И смятенные мысли мои — в раздвоенье:

То надеюсь, что гибель минует меня,

То в отчаянье жду я последнего дня.

И, с тоскою взирая на всеми забытых

Сотоварищей-пленников, в цени забитых,

Я взываю к тебе: полный братской любви,

Безграничное великодушье яви!

Ты — прибежище всех, обделенных судьбою,

Я ж достоин спасенья любою ценою.

Что мне жизнь? Удержать неудержное тщась,

Не молю об отсрочке — хотя бы на час.

В жарких сечах мой меч машрафийский иззубрен.

Он давно уж в ножны поржавелые убран;

Все же горестно мне, обессилев от ран,

Погибать на чужбине, среди христиан.

Не разверстой могилы боюсь — их злорадства.

Помоги же, во имя священного братства.

Ты немало свершил благороднейших дел,

Возврати же меня в мой родимый предел!

* * *

Приюта просил у любви я в напрасной надежде;

Не сжалилась — и меня утесняет, как прежде.

Я помощи ждал, но ничто не поможет тому,

Чьи тяжкие вздохи пронзают полночную тьму.

Бедняга как будто пылает в огне лихорадки,

А если спускается сон, то неверный и краткий...

И вот наконец, преисполнясь печали великой,

Пустился я в путь, чтоб забыть о тебе, луноликой,

О бедрах твоих, двух песчаных холмах, позабыть,

Но лишь убедился: страданий моих не избыть.

Вернувшись, я вижу, сдержать изумленье не в силе,

Что долгие ночи разлуки тебя изменили.

Воспел бы тебя я стихами, но как описать,

Не знаю, твою — молодая верблюдица — стать.

Ты сердце мое отклонила своей красотой

От юных затворниц, чей дом — за зубчатой стеной.

В тоске по тебе я ложусь на тернистое ложе

И, сон раздарив беззаботным, взываю: «О боже!

От горестей ту, что люблю всей душой, огради!»

И жгучие слезы в моей закипают груди.

Рыдаю я, как сирота, как униженный пленник

При мысли о всех нанесенных ему оскорбленьях...

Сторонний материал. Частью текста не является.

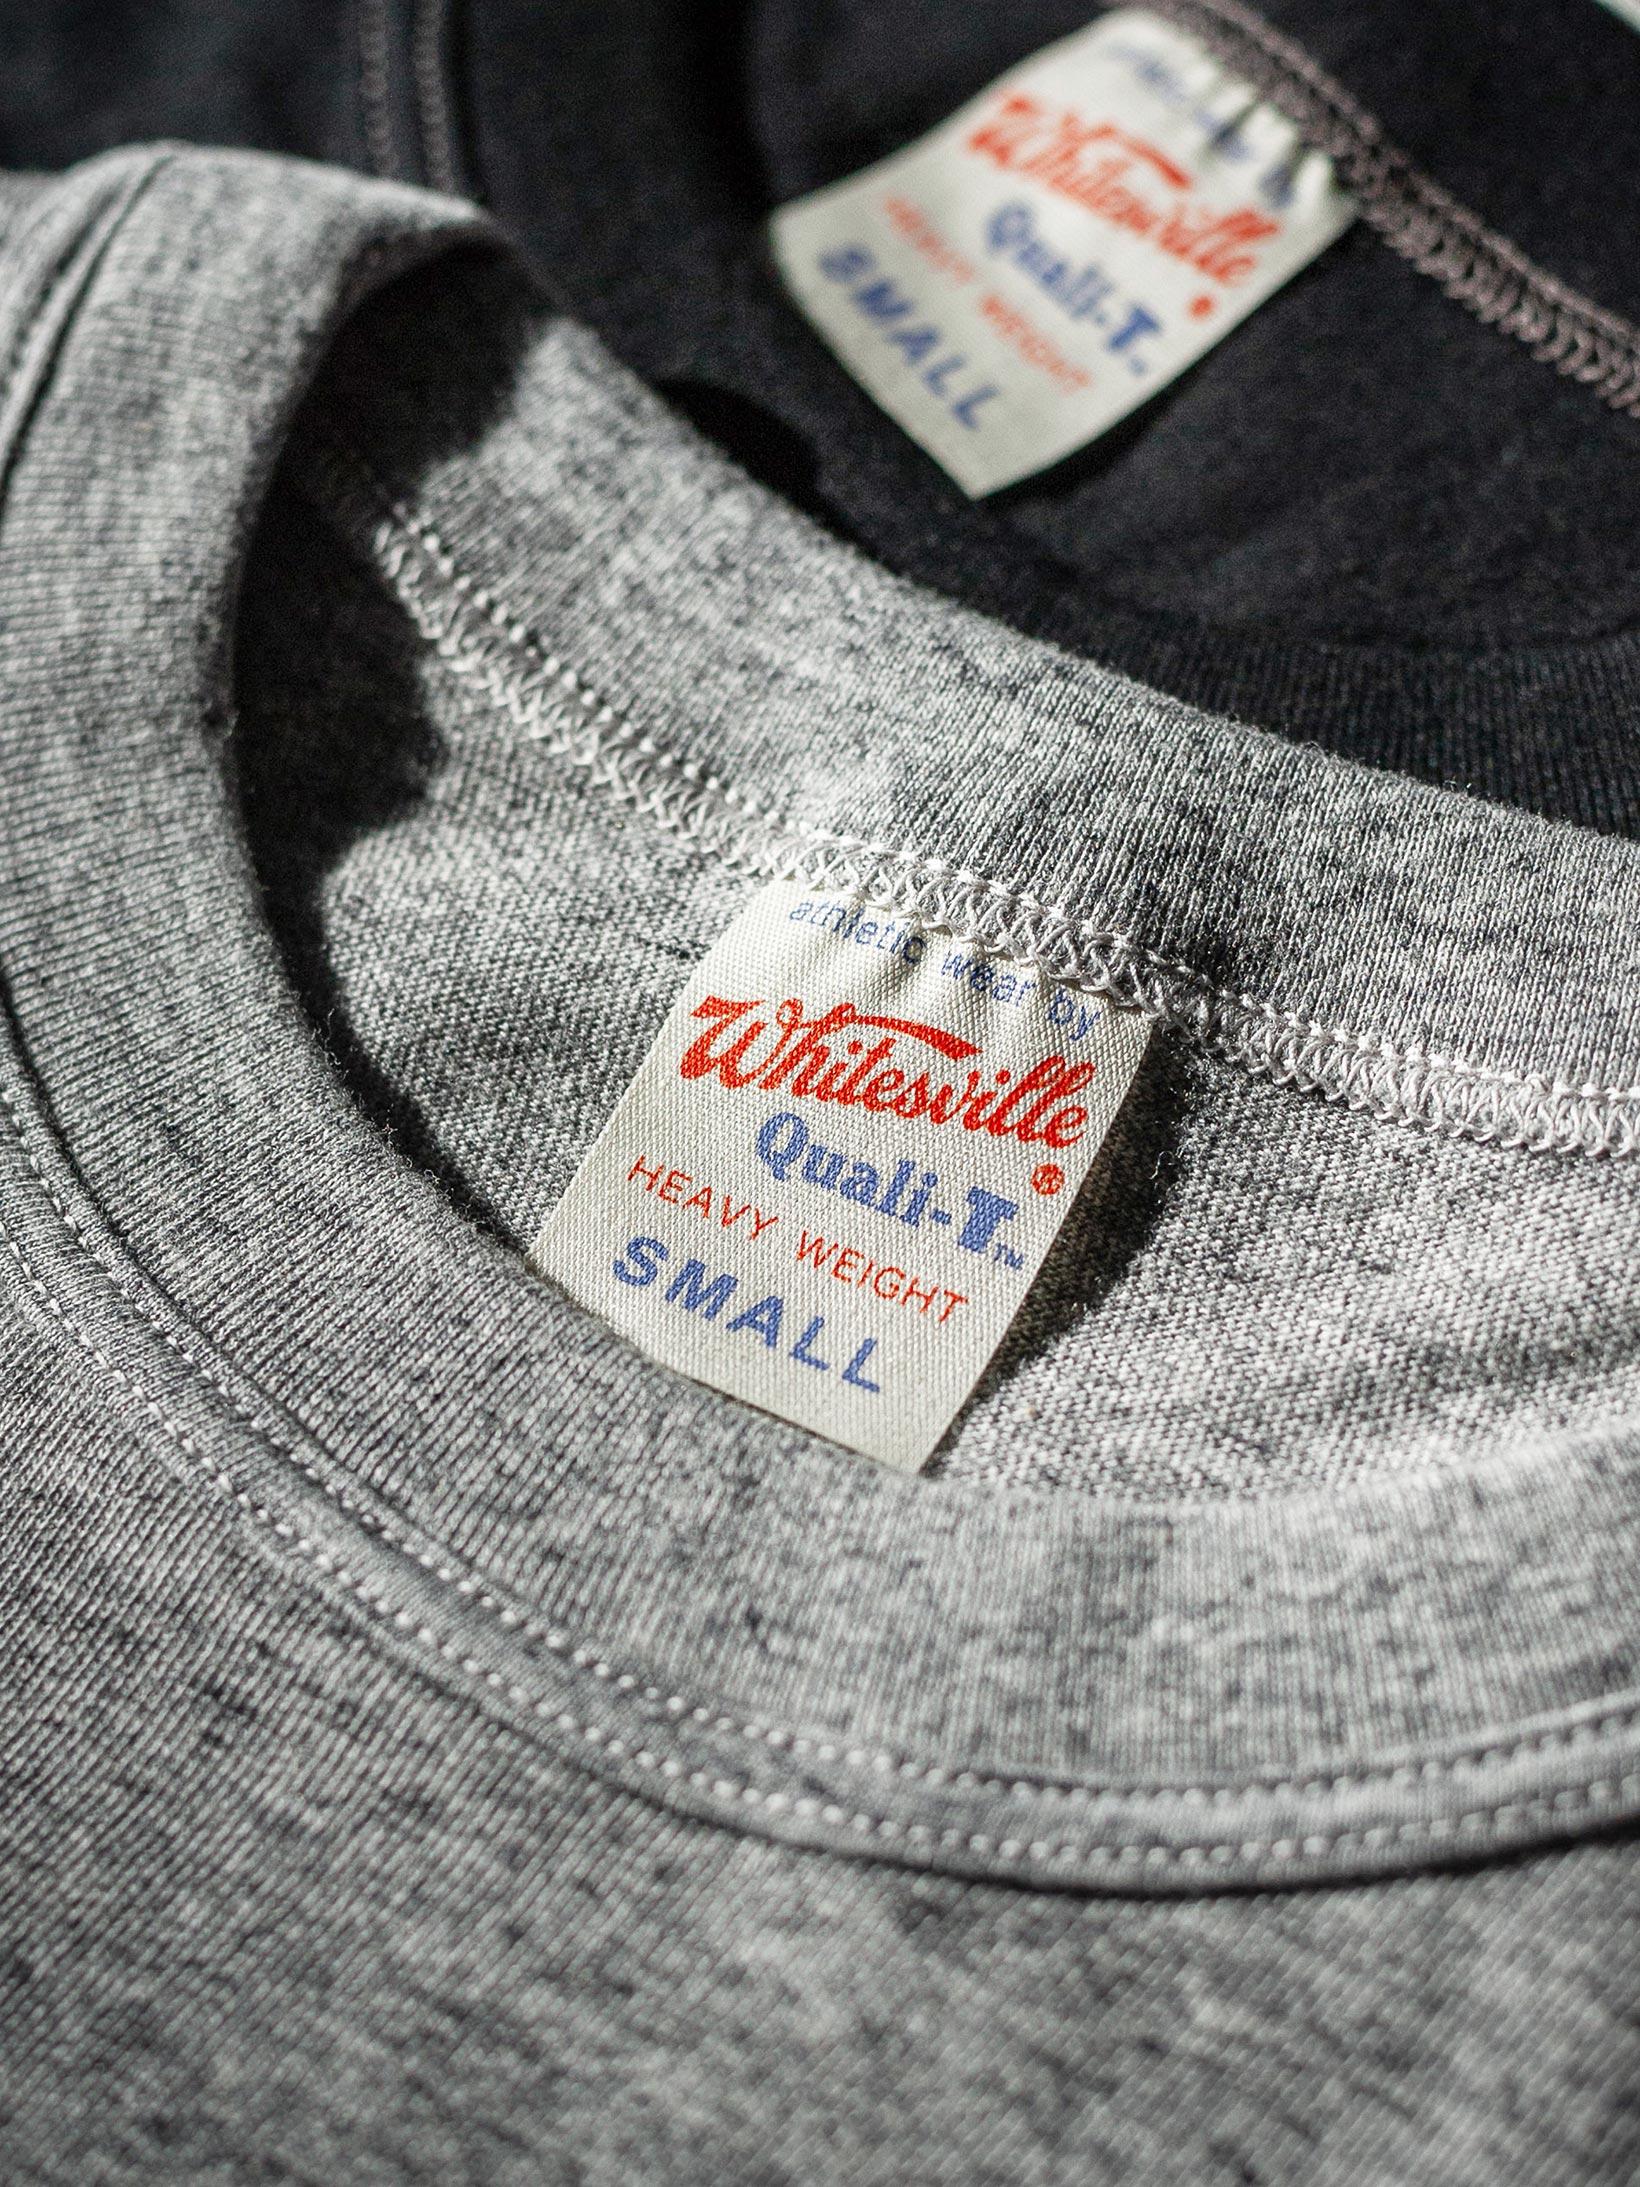 Whitesville Japanese Made T-Shirts - White (2-Pack) - Image 8

О брат мой, Зухейр, укажи мне какой-нибудь путь —

Уклончивой этой лукавицы милость вернуть.

Ведь ты же всегда помогал мне и делом и словом,

Ты был мне заступой, опорой, надежным покровом.

Щедрейший из щедрых, ты множество слал мне даров

Дороже тончайших шелков, и парчи, и ковров,—

Отменные рифмы, приятнее влаги прохладной,

Слова, что жемчужины,— прелести полны усладной.

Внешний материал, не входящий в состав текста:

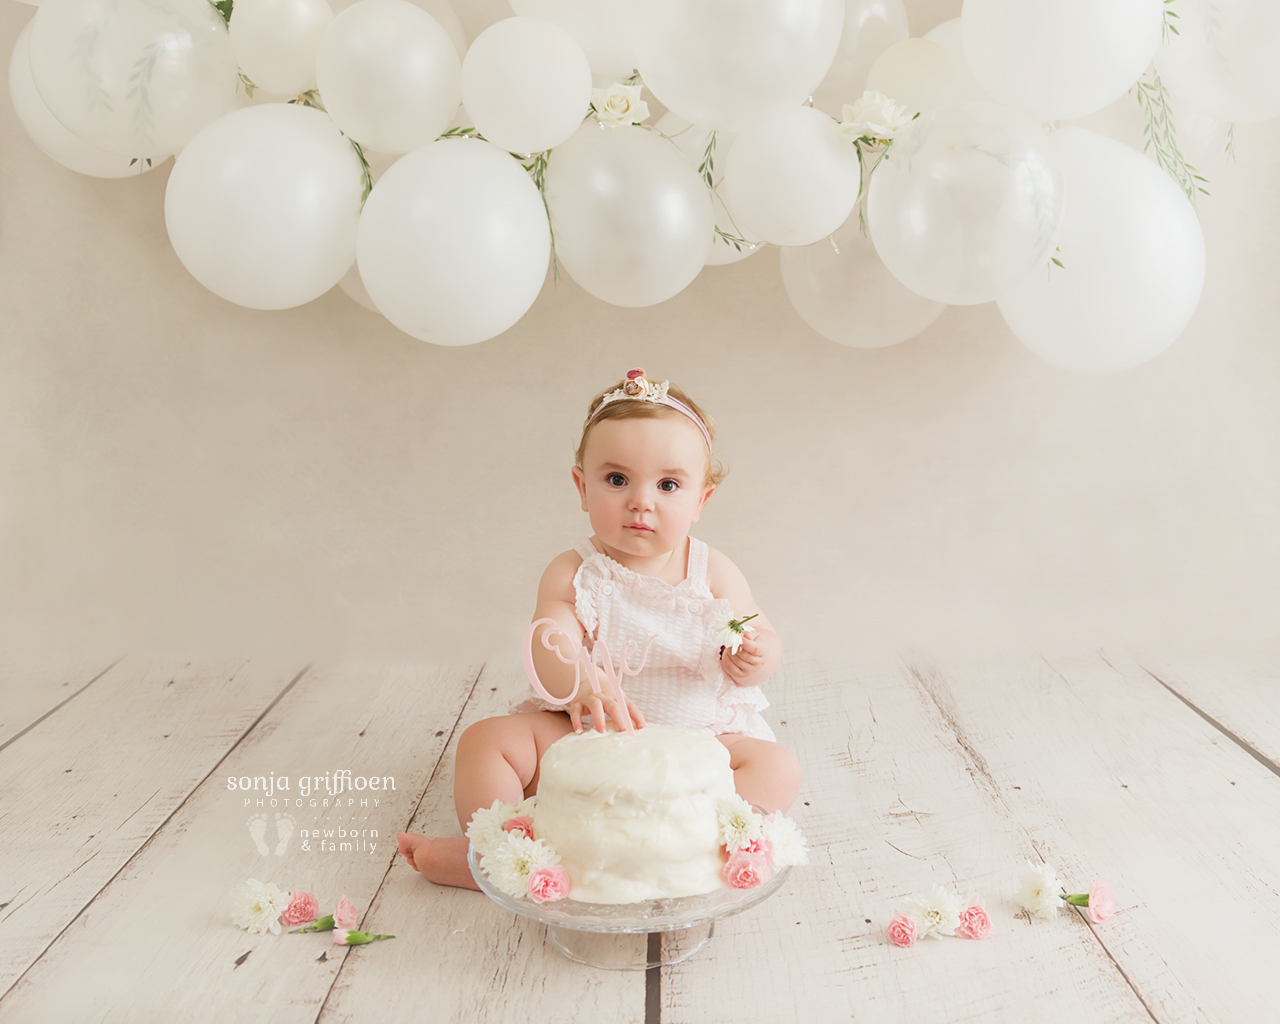 Vivienne-Cake-Smash-Brisbane-Baby-Photographer-Sonja-Griffioen-02.jpg

Не только Фараздак и Ахталь — но даже Джарир

Такими стихами еще не счастливили мир.

Ты страшен врагам, словно лев, нападающий дерзко,

Зато обездоленным ты — и оплот и поддержка.

Искуснее всех ты, мой брат, во владенье мечом,

Славнейшим воителям ты не уступишь ни в чем.

Достоинства есть ли на свете — твоих совершенней?

Ты создан, я знаю, для самых великих свершений.

* * *

Та ночь новогодняя в сердце навеки останется.

Мы были вдвоем с томноокой моею избранницей.

Пригоршнями сыпало темное небо жемчужины,

В наряде камфарном лежали поля, неразбуженны;

И спорил нарцисс красотою своей беззаботною

С вином, что играло в бокалах — огня искрометнее.

***

Решил: благоразумным стану,

И так сказал себе: «Обману

Отныне верить перестань.

Ты заплатил безумству дань».

С обманщицей, водившей за нос,

Вступив на путь добра, расстанусь.

Не зваться мне Абу Фирас,

Когда поверю ей хоть раз.

* * *

Зачем ты терзаешь менж За какие провинности?

Себе изумляюсь: как смог я подобное вынести.

Но пусть я отвергнут — по-прежнему сердце в пылании:

Дороже богатства ты мне и победы желаннее.

За что же ко мне, справедливая, несправедлива ты?

Надежда моя, от меня отвернулась стыдливо ты.

* * *

Кто видел, скажите на милость,

Чтоб счастье у нас загостилось?

Все знают, великий и малый:

Такого еще не бывало.

Меняется мир этот бренный —

И к худшему все перемены.

Сегодня богач-повелитель,

А завтра ты нищий проситель.

***

В черных моих волосах все заметней, видней

Белые нити — предвестницы старческих дней.

Так не пора ли прогнать искушенья с порога

И облачиться в бурнус добродетели строгой?

Знаю: пора, но слаба многогрешная плоть:

Чары красавиц не в силах она побороть.

Что же мне делать? Аллаха зову на подмогу:

«Праведную укажи, всемогущий, дорогу».

* * *

Отныне удары судьбы я сношу, не противясь.

О муках, которые выдержал я, терпеливец,

Никто не дознался еще, любопытством томим.

Запрятанным в сердце — нет выхода чувствам моим;

Лишь только порою во мраке — к чему оправданья?

Надменно победу свою торжествуют рыданья,

И ярко пылает, глубокие тени гоня,

Огонь, разожженный безумьем в груди у меня...

Свиданье ты мне обещала не раз и не дважды,

Но тщетно я нсдал утоленья мучительной жажды.

Оседлый — скитался, покинув родимый свой кров,

Но мир без тебя мие казался безлюдней песков.